Top of Supplied material

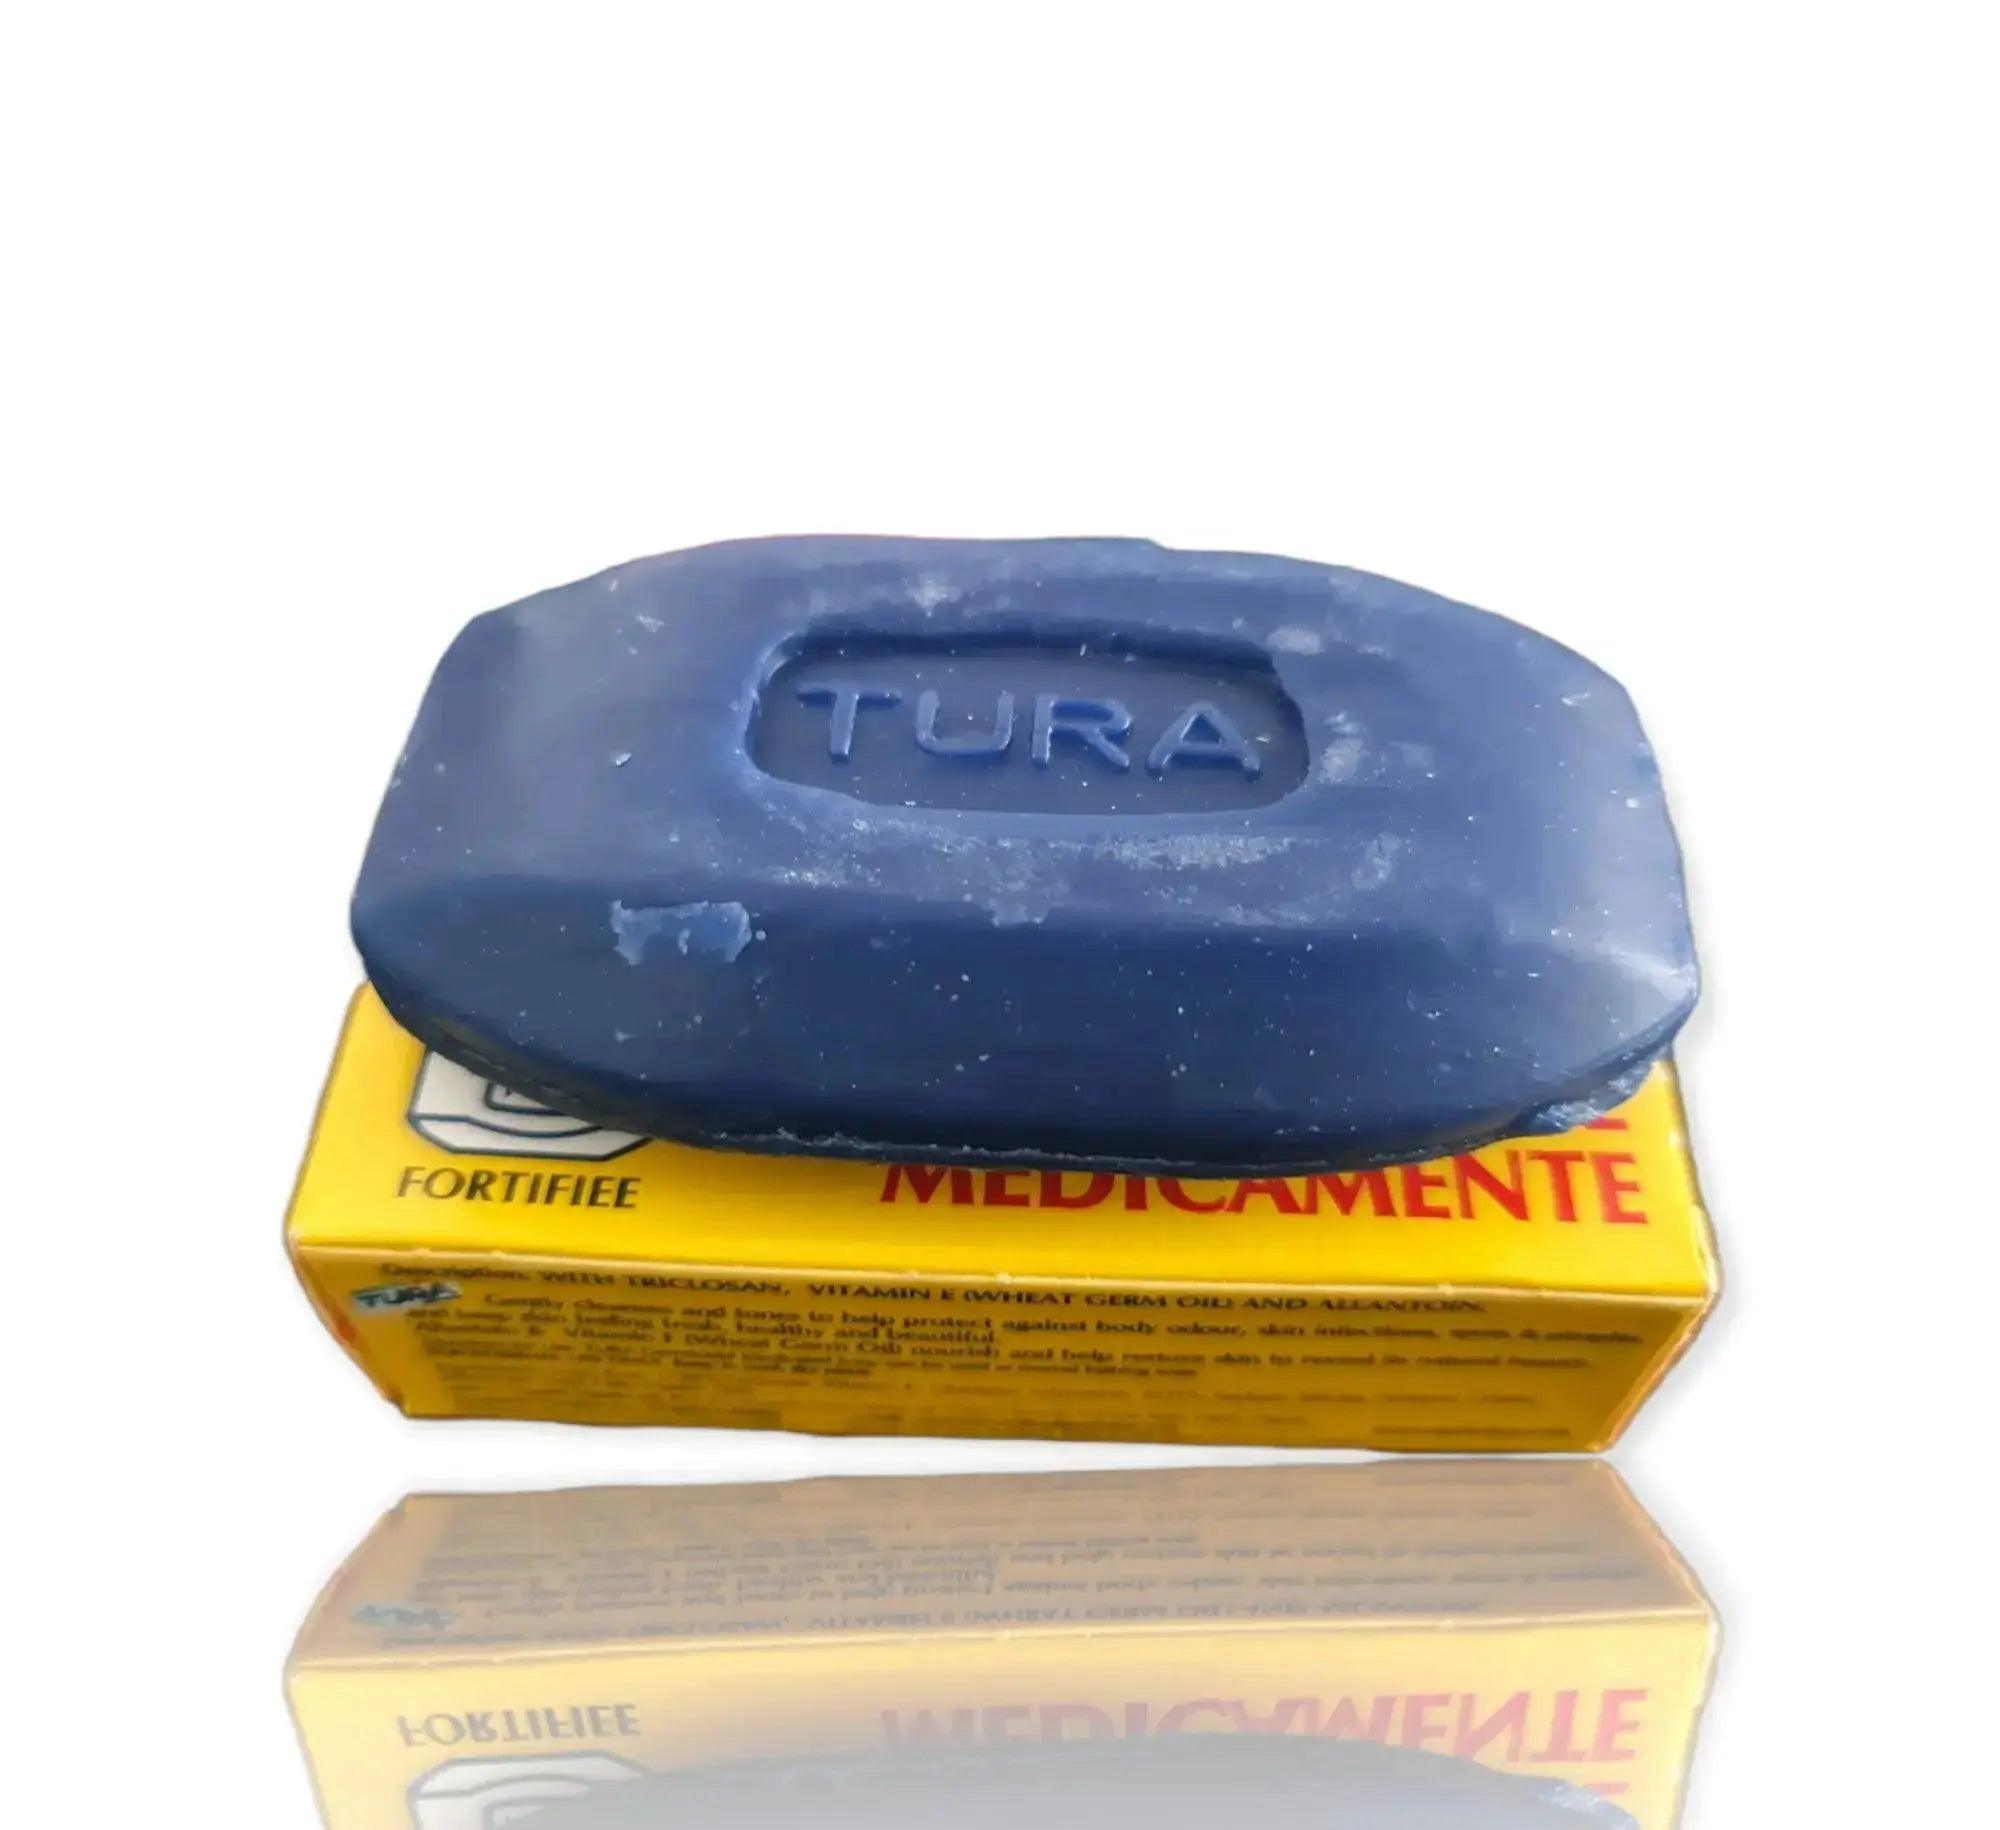 Germicidal Medicated Soap - Original Tura England Savon Germicidal Medicated Soap - Honesty Sales U.K
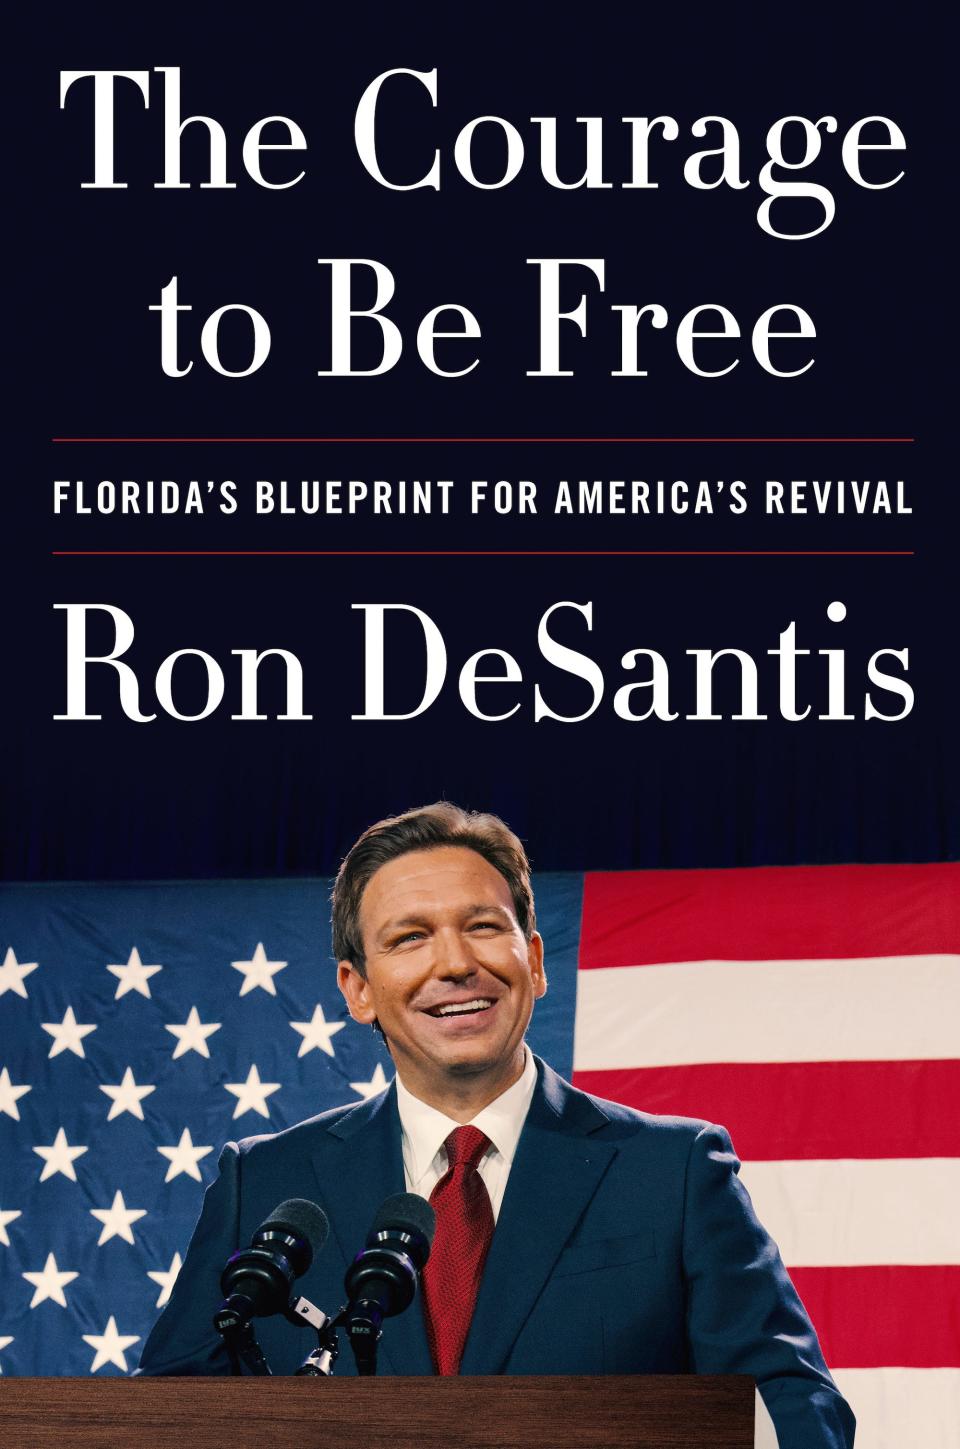 Florida Gov. Ron DeSantis published his first memoir on February 28, 2023.
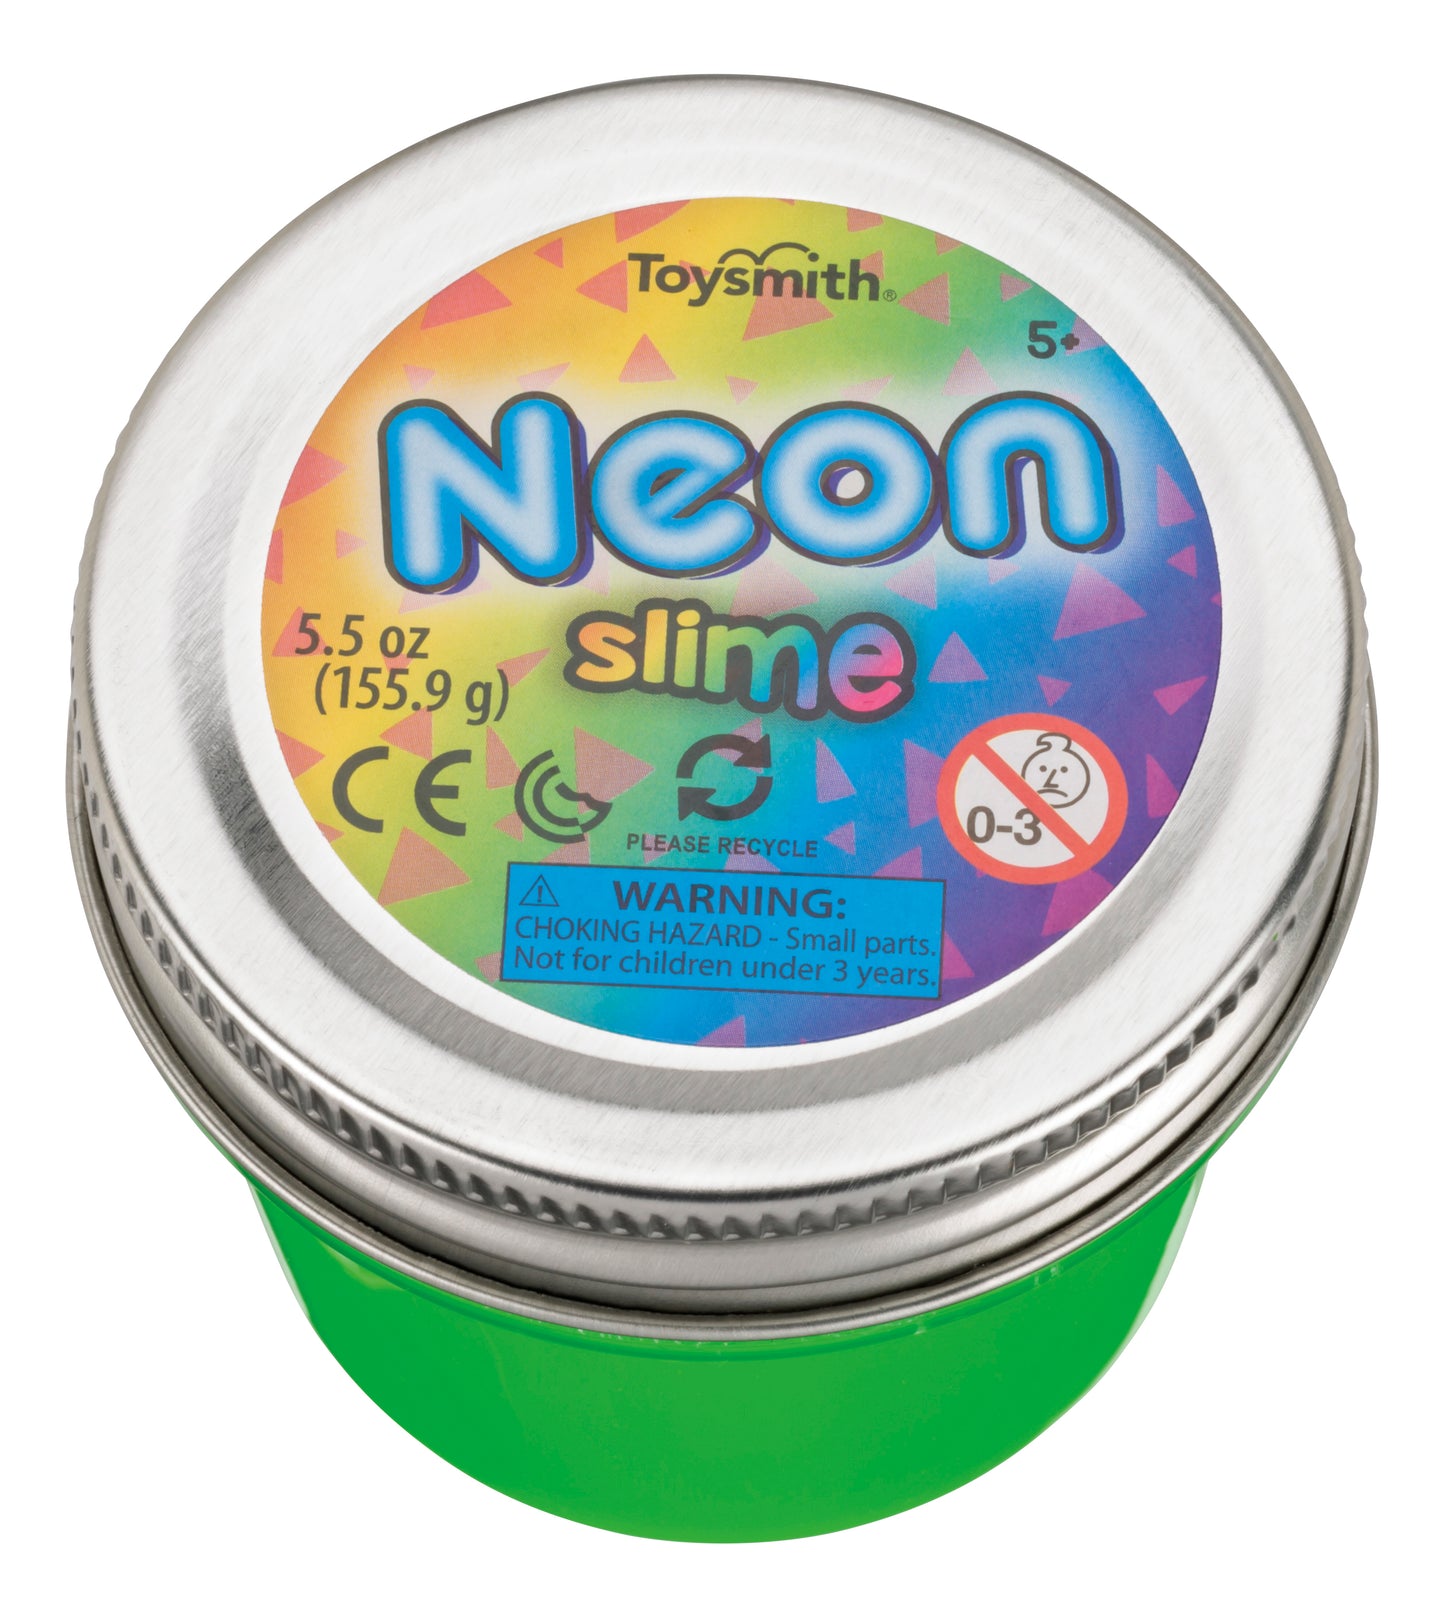 Toysmith Neon Slime

Bottom of Supplied material

**Exercise instructions:** Every last line above must be reproduced as written, and no pictures belong in the copy.

**Response to this exercise:**
 Germicidal Medicated Soap - Original Tura England Savon Germicidal Medicated Soap - Honesty Sales U.K
 Florida Gov. Ron DeSantis published his first memoir on February 28, 2023.
 Toysmith Neon Slime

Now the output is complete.